Os boatos ruins diminuíram até acabar.

Estávamos bem no colégio, mas eu estava péssima com o Marcelo. Se até a festa eu não tinha coragem suficiente para pedir desculpas, depois dela tudo ficou ainda mais difícil. E seu bilhete, mesmo que eu não entendesse seu significado, deixava claro que seu humor comigo não estava dos melhores. Mas seu bilhete era o único indicativo de humor que eu tinha, porque o Marcelo tinha se transformado em uma folha em branco.

Suas lições de moral estavam lá, suas técnicas de luta também, mas sua conversa leve, sua preocupação e seu sorriso tinham desaparecido. Eu não saberia o que ele estava pensando nem se passasse o dia todo o encarando. Tinha voltado a ser a aluna sem rosto, sem nome e sem alma. E isso me irritava. Irritava tê-lo decepcionado e me irritava mais ainda saber que naquele dia eu não tinha sido nem metade da Alice dos últimos meses. Não tinha feito nada de tão errado. Ou tinha?

Tudo bem que eu tinha bebido, mas era só isso. Ele não esperava que eu parasse de beber na minha própria festa, esperava?

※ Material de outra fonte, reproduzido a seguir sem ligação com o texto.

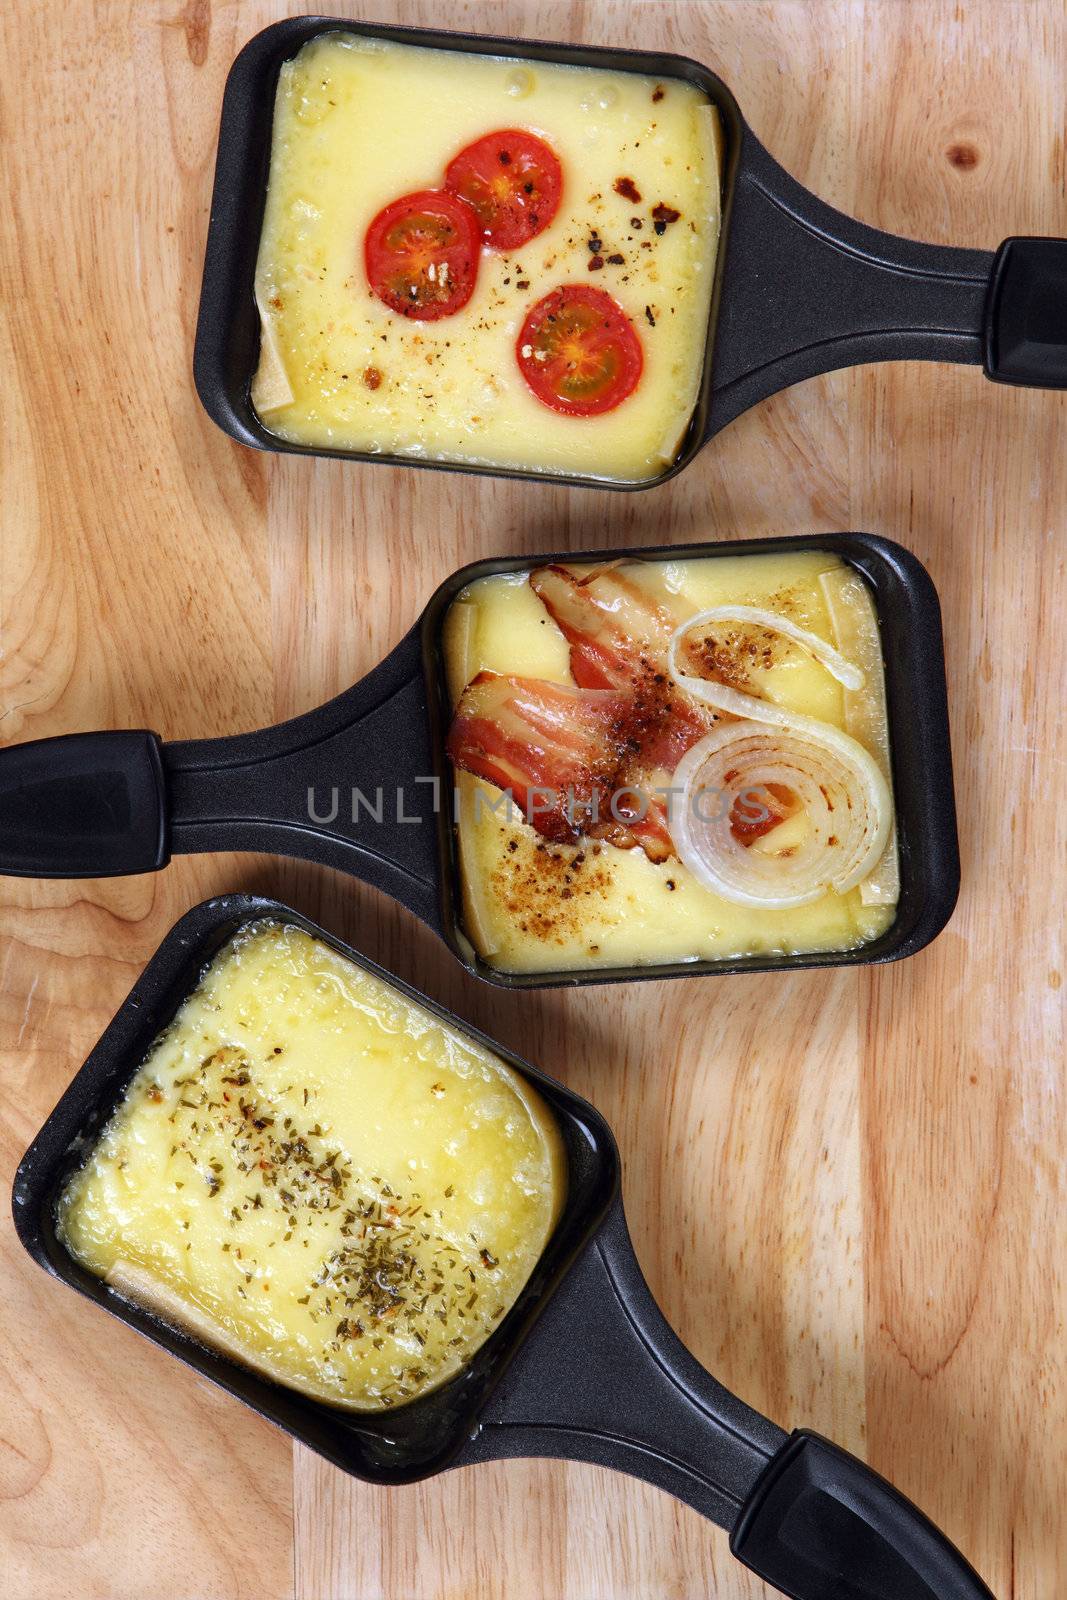 Raclette trays by sumners

Suspirei e olhei para Paula ao meu lado. Ela dirigia como se eu não estivesse no carro e eu não a culpava. Porque não bastava eu estragar tudo com o Marcelo, eu tinha que estragar tudo com a Paula. Não importava se o boato sobre eu e o André tinha sido abafado, ele tinha chegado aos ouvidos dela e eu não pude negar quando ela perguntou.

Meu beijo podia ser apenas uma fofoca para os outros, mas para Paula era mais. Era quase como eu não ser grata o suficiente por tudo que ela tinha feito para mim. E Paula tinha feito por mim mais do que qualquer outra amiga faria. Tinha pedido desculpas mais vezes do que eu conseguia contar, mas não tinha sido o suficiente. Talvez nunca realmente fosse o suficiente. E eu não tirava sua razão.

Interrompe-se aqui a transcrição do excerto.